The digital markets regime is flexible in its design, with the CMA requiring a level of discretion to deliver effective outcomes. While that is common for ex ante regulation, that does not negate the importance of taking steps to maximise the predictability and proportionality of the regulator’s actions. For that reason, the Government are introducing an explicit requirement for the CMA to impose conduct requirements and pro-competition interventions only where it considers that it is proportionate to do so.
That will make it clear to firms in scope of the regime that they will not be subject to undue regulatory burdens. Firms will be able to challenge disproportionate obligations, and the Competition Appeal Tribunal will, in its consideration of any appeals, apply the principle of proportionality in a reasonable way, as it always does. To complement that, and to ensure consistent senior oversight and accountability of the regime, amendments 57 to 60 require enforcement decisions, including the imposition of penalties, to be reserved to the CMA board or its committee.
I welcome my hon. Friend to his position, and congratulate him on his role. The Government amendments relate to the proportionality test for conduct requirements. Why did the Government feel that there was a need for those additional tests? Was there a concern that the CMA would use the power disproportionately, and if so, what might such a use have been?
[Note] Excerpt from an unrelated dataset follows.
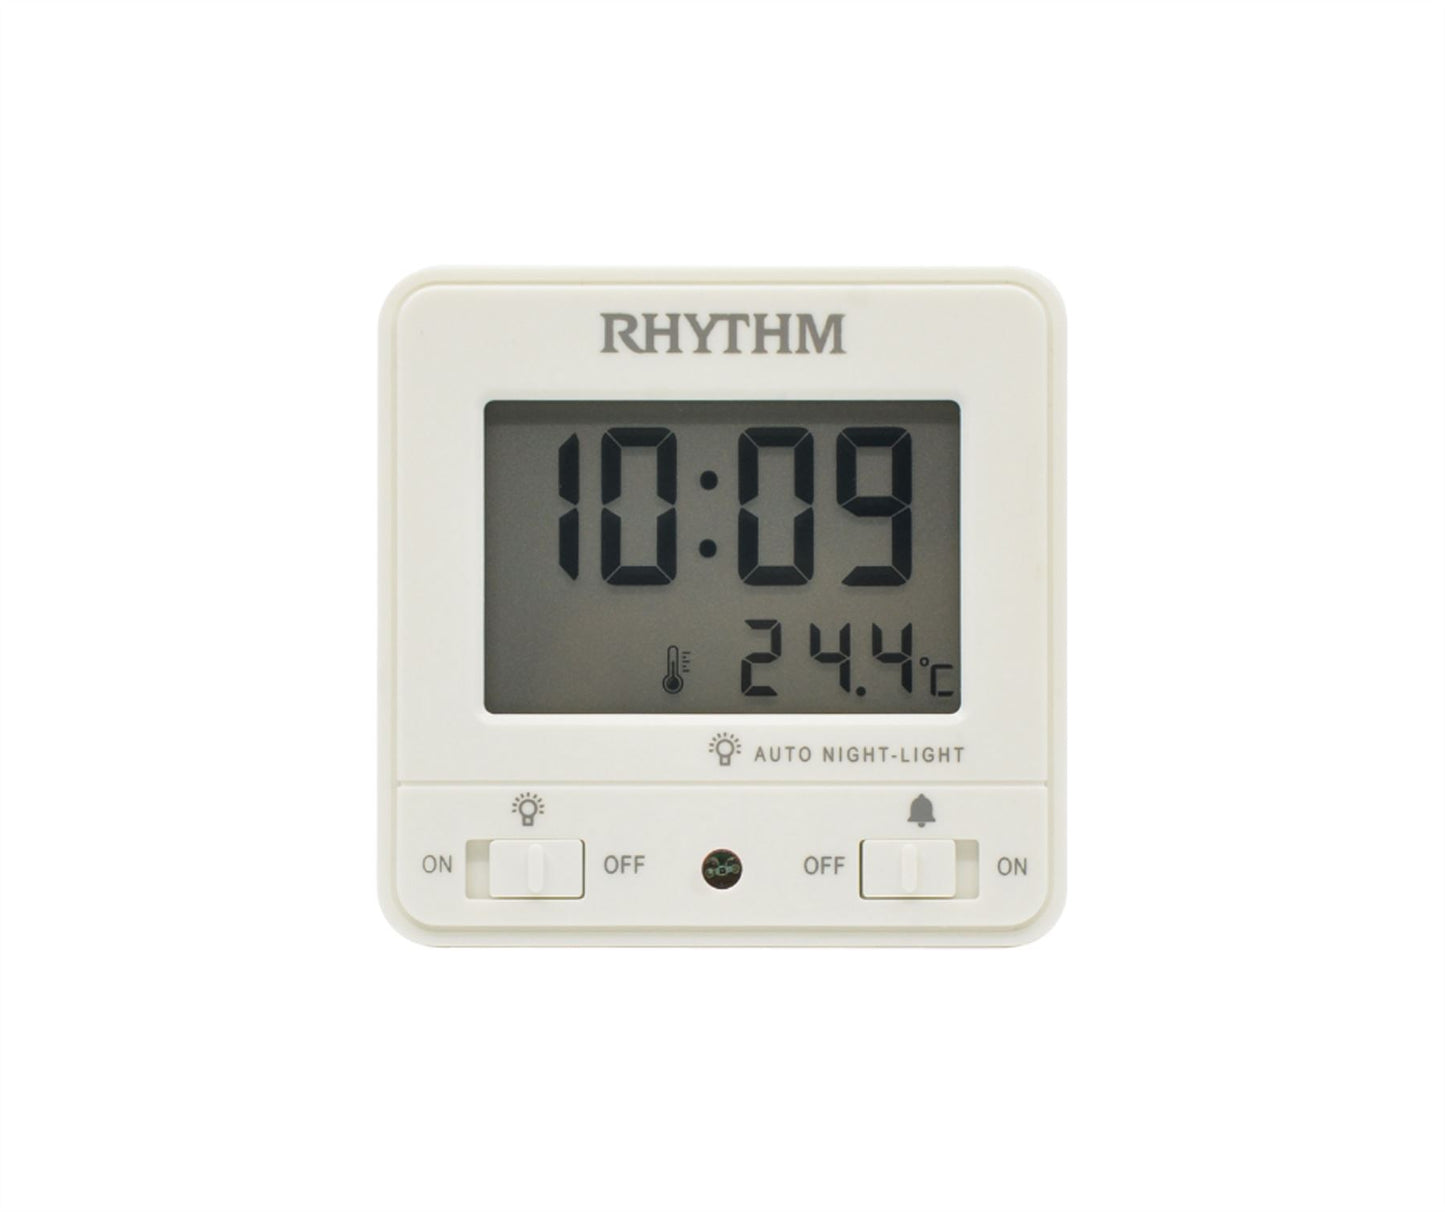 Rhythm LCD Alarm Table Clock Beep/Snz/LED/Cal/Therm/Hygro

I thank my hon. Friend for his contribution to the House on these matters, and for that question. The aim of the amendments is to provide clarity and give certainty—clarity that we will always ensure that the consumer is at the heart of what we do, and certainty because that is what business always needs. I will happily give further clarity in my closing remarks. To ensure robust oversight of the DMU’s implementation of the regime, we are also requiring that the Secretary of State approve the publication of guidance relating to part 1 of the Bill.
That is what we need to bottom out. The primary worry that a lot of us have about the JR principle is that it means that any challenge will probably be vanishingly small, which is not good for ensuring that the regulator is working in the best way. None of us wants to encourage incontinent litigation—or incontinent legislation, bearing in mind the importance that we place on it—but sometimes, challenge is essential to create greater certainty. There will be ambiguities; there will be occasions where there needs to be a test. We should not be frightened of that.
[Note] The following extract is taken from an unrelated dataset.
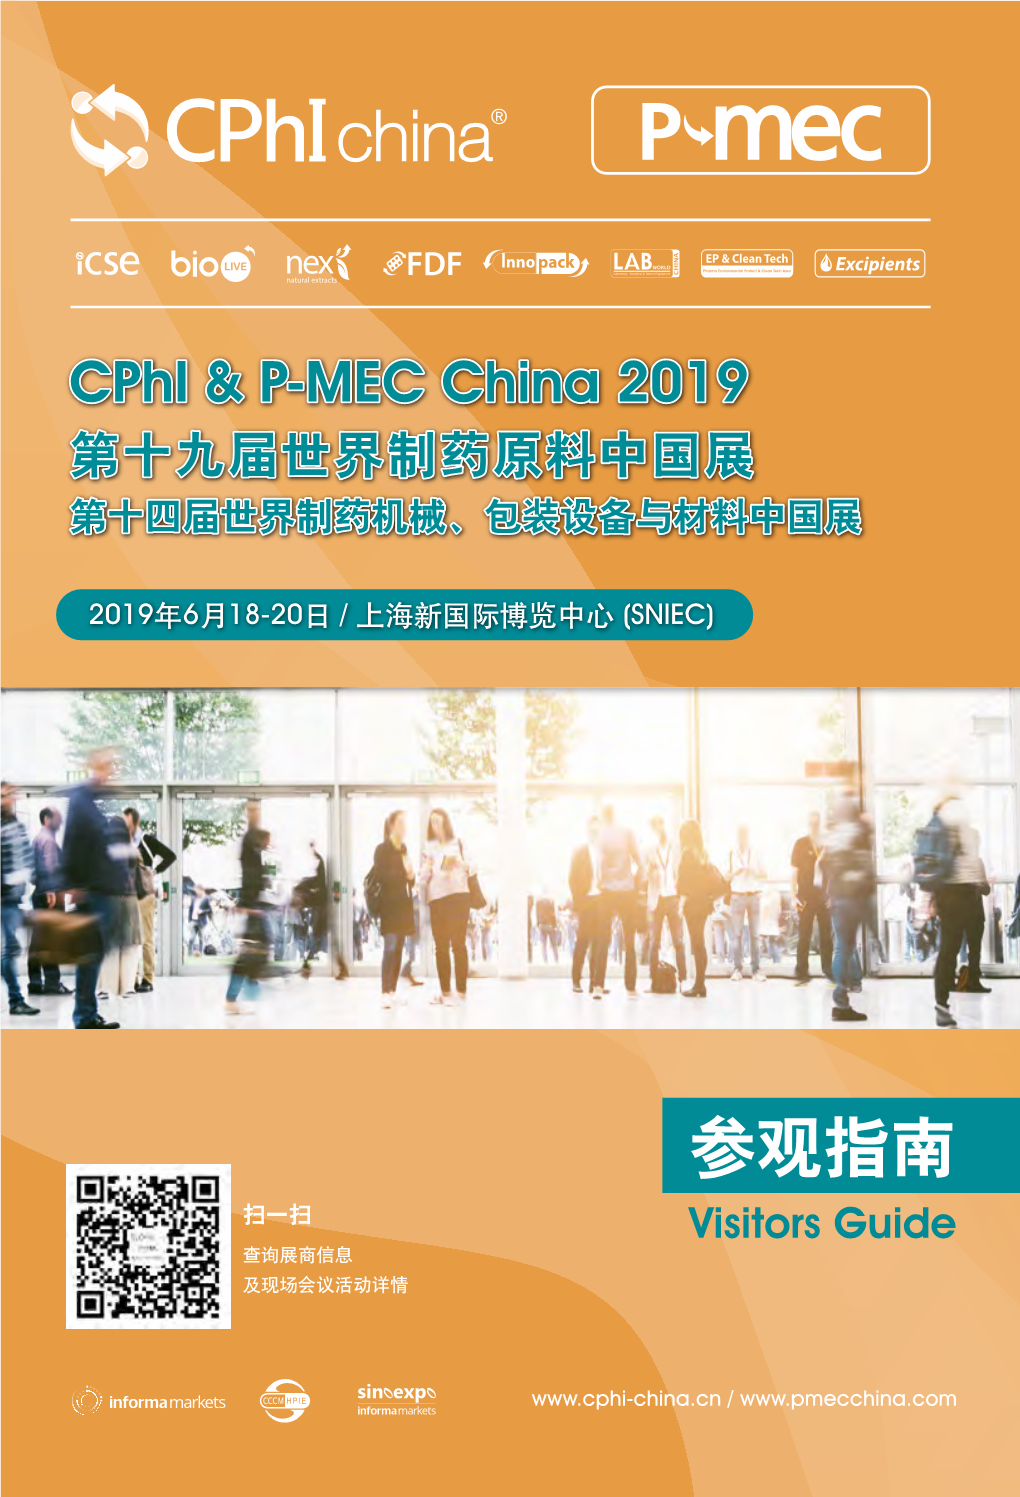 Cphi & P-MEC China 2019

I am following what my right hon. and learned Friend says carefully. Does he agree that we have to consider the nature of this business landscape? For these firms—some of the biggest companies in the world—litigation is a cost of doing business. Their track record shows that they use almost all grounds there are to challenge any decision made by any regulator. Not even a regulator is resourced sufficiently to be able to contest those challenges, and the people who seek to bring them know that they will take years and cost a huge amount of money, and that the business may even be closed by the time a resolution has been found.
I fully take on board my hon. Friend’s concern. He is right to say that, which is why this should not just be about what might happen in terms of raw dispute; it has to be the culture of the new regulator to work with any potential subject—any company that might be a subject of an investigation—in a co-operative way. That raises the issue of how open the parties are with each other about the basis of their assertions and of how data is shared—that goes right into the Competition Appeal Tribunal itself. A lot of people would be surprised that the disclosure rules in the CAT are not as open as one would expect them to be if one is challenging a decision. We have to work our way through that, in order to change that attitude and reduce the amount of potential litigation by making sure that there is agreement.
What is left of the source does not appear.